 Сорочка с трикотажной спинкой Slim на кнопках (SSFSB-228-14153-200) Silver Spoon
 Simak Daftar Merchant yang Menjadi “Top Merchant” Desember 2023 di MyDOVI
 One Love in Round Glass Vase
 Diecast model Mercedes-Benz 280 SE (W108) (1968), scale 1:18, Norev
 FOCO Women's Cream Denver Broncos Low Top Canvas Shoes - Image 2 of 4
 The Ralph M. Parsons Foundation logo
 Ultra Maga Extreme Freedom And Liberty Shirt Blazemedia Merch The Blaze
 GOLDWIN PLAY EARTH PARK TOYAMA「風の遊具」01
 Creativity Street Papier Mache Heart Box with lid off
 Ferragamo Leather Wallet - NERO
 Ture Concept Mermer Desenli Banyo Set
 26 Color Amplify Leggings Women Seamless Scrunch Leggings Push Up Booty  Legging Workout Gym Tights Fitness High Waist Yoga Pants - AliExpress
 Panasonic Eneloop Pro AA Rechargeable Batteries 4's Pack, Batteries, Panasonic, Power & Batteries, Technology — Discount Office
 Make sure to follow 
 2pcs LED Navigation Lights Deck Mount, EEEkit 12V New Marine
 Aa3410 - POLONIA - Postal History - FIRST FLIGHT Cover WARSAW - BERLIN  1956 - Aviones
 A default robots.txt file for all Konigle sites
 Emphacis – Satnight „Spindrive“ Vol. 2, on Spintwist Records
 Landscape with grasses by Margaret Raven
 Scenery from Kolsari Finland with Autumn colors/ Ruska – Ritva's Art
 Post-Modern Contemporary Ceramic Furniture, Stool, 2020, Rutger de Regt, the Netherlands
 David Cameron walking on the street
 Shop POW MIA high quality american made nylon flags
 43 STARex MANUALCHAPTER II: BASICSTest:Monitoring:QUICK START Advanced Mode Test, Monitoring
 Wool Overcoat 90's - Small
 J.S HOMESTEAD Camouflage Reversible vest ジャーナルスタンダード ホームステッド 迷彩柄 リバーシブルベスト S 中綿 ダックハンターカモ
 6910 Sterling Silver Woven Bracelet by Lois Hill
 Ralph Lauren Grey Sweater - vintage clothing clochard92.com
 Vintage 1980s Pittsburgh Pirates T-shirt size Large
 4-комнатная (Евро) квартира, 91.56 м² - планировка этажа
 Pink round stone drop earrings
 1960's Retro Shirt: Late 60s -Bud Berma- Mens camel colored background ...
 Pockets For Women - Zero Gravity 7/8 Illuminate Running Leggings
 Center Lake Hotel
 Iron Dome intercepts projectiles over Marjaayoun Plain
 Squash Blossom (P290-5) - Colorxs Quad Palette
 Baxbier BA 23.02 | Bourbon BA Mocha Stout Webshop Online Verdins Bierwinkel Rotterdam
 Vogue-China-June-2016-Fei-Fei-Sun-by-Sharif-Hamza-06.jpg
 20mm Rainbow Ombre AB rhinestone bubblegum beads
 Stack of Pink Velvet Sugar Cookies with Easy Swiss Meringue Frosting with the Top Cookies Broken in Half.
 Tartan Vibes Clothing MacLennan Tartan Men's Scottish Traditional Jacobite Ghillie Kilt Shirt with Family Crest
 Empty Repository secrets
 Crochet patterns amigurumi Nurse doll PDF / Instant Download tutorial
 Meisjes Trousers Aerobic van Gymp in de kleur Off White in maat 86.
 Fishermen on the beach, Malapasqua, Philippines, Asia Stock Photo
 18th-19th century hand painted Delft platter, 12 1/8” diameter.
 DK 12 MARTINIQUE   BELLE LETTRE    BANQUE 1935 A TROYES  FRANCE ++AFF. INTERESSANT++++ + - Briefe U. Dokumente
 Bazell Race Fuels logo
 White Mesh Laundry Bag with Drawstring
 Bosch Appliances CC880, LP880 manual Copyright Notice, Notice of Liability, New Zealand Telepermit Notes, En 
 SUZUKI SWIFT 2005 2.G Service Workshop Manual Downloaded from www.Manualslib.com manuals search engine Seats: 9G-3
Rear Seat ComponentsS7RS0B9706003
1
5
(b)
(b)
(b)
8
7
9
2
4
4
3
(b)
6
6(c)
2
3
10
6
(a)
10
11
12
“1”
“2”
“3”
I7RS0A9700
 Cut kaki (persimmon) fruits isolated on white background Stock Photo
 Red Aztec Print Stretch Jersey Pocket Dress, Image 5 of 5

■ ■ ■ ■ ■ ■ ■

Work instructions:
Using the records above, repeat exactly the lines from the first one through the line with "2pcs LED Navigation".

Solution below:
 Сорочка с трикотажной спинкой Slim на кнопках (SSFSB-228-14153-200) Silver Spoon
 Simak Daftar Merchant yang Menjadi “Top Merchant” Desember 2023 di MyDOVI
 One Love in Round Glass Vase
 Diecast model Mercedes-Benz 280 SE (W108) (1968), scale 1:18, Norev
 FOCO Women's Cream Denver Broncos Low Top Canvas Shoes - Image 2 of 4
 The Ralph M. Parsons Foundation logo
 Ultra Maga Extreme Freedom And Liberty Shirt Blazemedia Merch The Blaze
 GOLDWIN PLAY EARTH PARK TOYAMA「風の遊具」01
 Creativity Street Papier Mache Heart Box with lid off
 Ferragamo Leather Wallet - NERO
 Ture Concept Mermer Desenli Banyo Set
 26 Color Amplify Leggings Women Seamless Scrunch Leggings Push Up Booty  Legging Workout Gym Tights Fitness High Waist Yoga Pants - AliExpress
 Panasonic Eneloop Pro AA Rechargeable Batteries 4's Pack, Batteries, Panasonic, Power & Batteries, Technology — Discount Office
 Make sure to follow 
 2pcs LED Navigation Lights Deck Mount, EEEkit 12V New Marine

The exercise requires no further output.